You are viewing a plain text version of this content. The canonical link for it is here.

Posted to dev@lucene.apache.org by Mark Miller <ma...@gmail.com> on 2010/07/31 14:41:43 UTC

Solr Replication Test Case Failure


 This looks like it might actually be an issue - it fails once every 20
runs or so as a guess.

   [junit] Testsuite: org.apache.solr.handler.TestReplicationHandler
    [junit] Testcase:
testReplicateAfterWrite2Slave(org.apache.solr.handler.TestReplicationHandler):   
FAILED
    [junit] expected:<1> but was:<0>
    [junit] junit.framework.AssertionFailedError: expected:<1> but was:<0>
    [junit]     at
org.apache.solr.handler.TestReplicationHandler.testReplicateAfterWrite2Slave(TestReplicationHandler.java:464)
    [junit]
    [junit]
    [junit] Tests run: 7, Failures: 1, Errors: 0, Time elapsed: 343.909 sec

At first I tried to extend the wait for it, but that's obviously no help
- in this case the test failed after running for 343 seconds. I've seen it as high as 968 seconds.

- Mark


---------------------------------------------------------------------
To unsubscribe, e-mail: dev-unsubscribe@lucene.apache.org
For additional commands, e-mail: dev-help@lucene.apache.org

Re: Solr Replication Test Case Failure

Posted by Yonik Seeley <yo...@lucidimagination.com>.

On Sun, Aug 1, 2010 at 4:18 PM, Yonik Seeley <yo...@lucidimagination.com> wrote:
> On Sun, Aug 1, 2010 at 3:42 PM, Mark Miller <ma...@gmail.com> wrote:
>> I hit the same test issue about an hour ago.
>
> It took me over 200 runs, but I just hit it too.

OK, I figured out the problem - just not the best way to fix it yet.
I'm reusing this issue:
https://issues.apache.org/jira/browse/SOLR-1469

-Yonik
http://www.lucidimagination.com

---------------------------------------------------------------------
To unsubscribe, e-mail: dev-unsubscribe@lucene.apache.org
For additional commands, e-mail: dev-help@lucene.apache.org

Re: Solr Replication Test Case Failure

Posted by Yonik Seeley <yo...@lucidimagination.com>.

On Sun, Aug 1, 2010 at 3:42 PM, Mark Miller <ma...@gmail.com> wrote:
> I hit the same test issue about an hour ago.

It took me over 200 runs, but I just hit it too.

-Yonik
http://www.lucidimagination.com

---------------------------------------------------------------------
To unsubscribe, e-mail: dev-unsubscribe@lucene.apache.org
For additional commands, e-mail: dev-help@lucene.apache.org

Re: Solr Replication Test Case Failure

Posted by Mark Miller <ma...@gmail.com>.

I hit the same test issue about an hour ago.

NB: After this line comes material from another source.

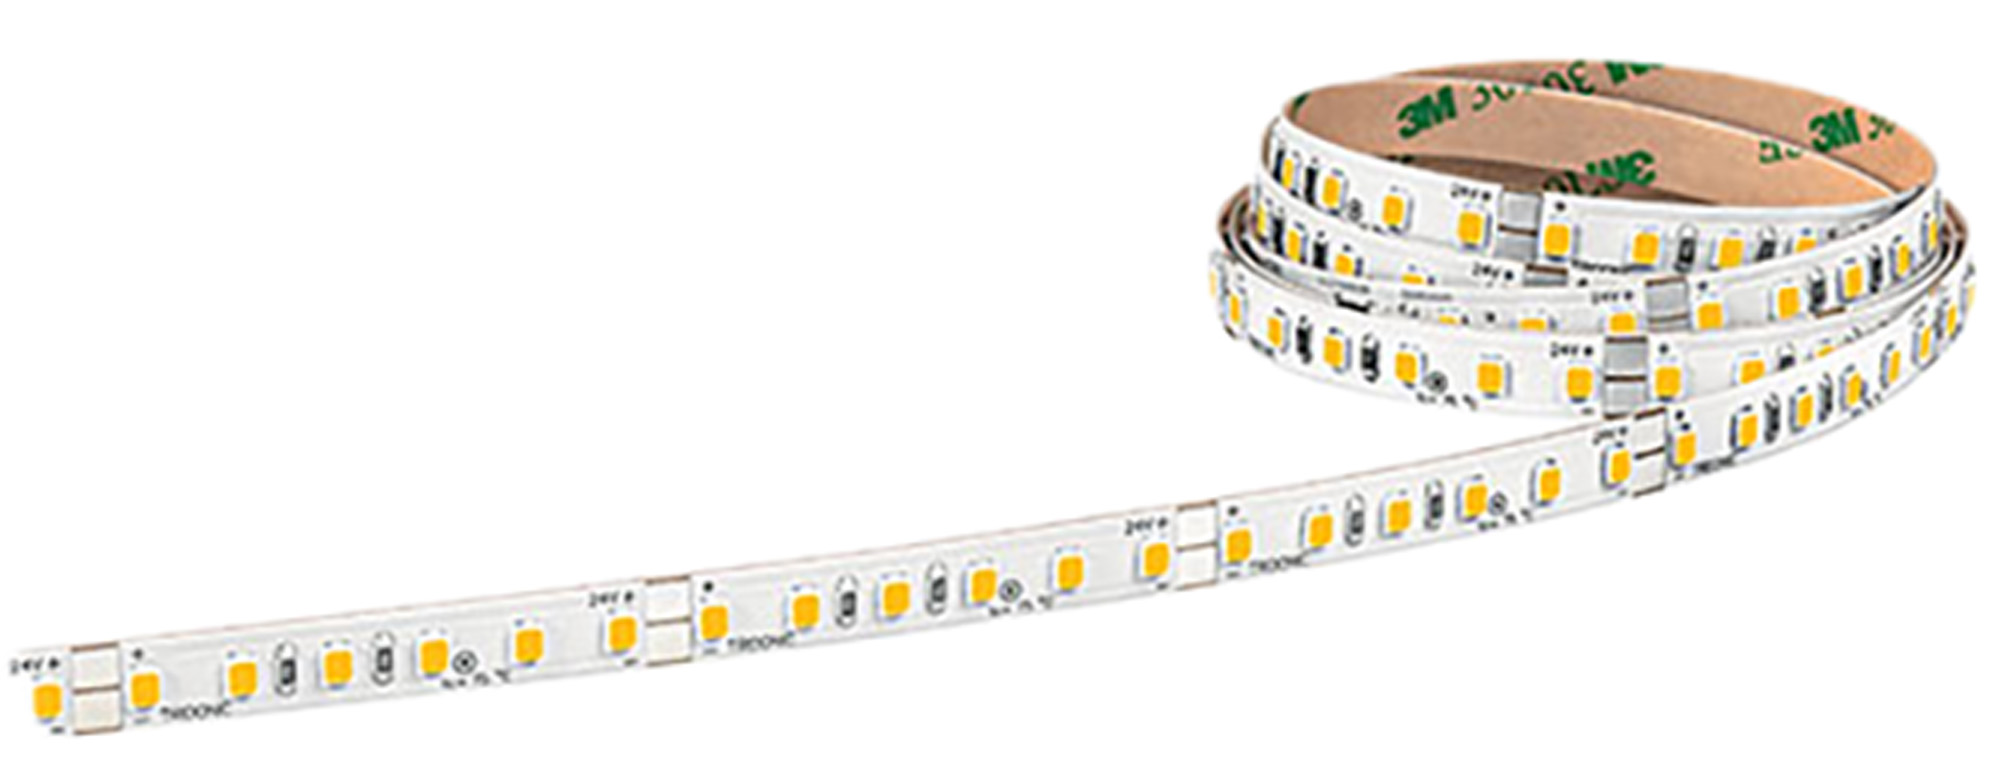 LLE FLEX Components Tridonic LED Boards

On 8/1/10 12:31 PM, Mark Miller wrote:
> On 8/1/10 11:31 AM, Yonik Seeley wrote:
>> Mark, do you hit this when running this test alone (i.e. ant test
>> -Dtestcase=TestReplicationHandler in a loop)?
> 
> I have not tried that yet - I originally got the problem just doing test
> in a loop - and I saw it about one every 10-20 runs. I havn't seen the
> Jetty unresponsive problem once in about 500 runs of test on my Ubuntu
> machine.
> 
> - Mark
> lucidimagination.com


---------------------------------------------------------------------
To unsubscribe, e-mail: dev-unsubscribe@lucene.apache.org
For additional commands, e-mail: dev-help@lucene.apache.org

Re: Solr Replication Test Case Failure

Posted by Mark Miller <ma...@gmail.com>.

On 8/1/10 11:31 AM, Yonik Seeley wrote:
> Mark, do you hit this when running this test alone (i.e. ant test
> -Dtestcase=TestReplicationHandler in a loop)?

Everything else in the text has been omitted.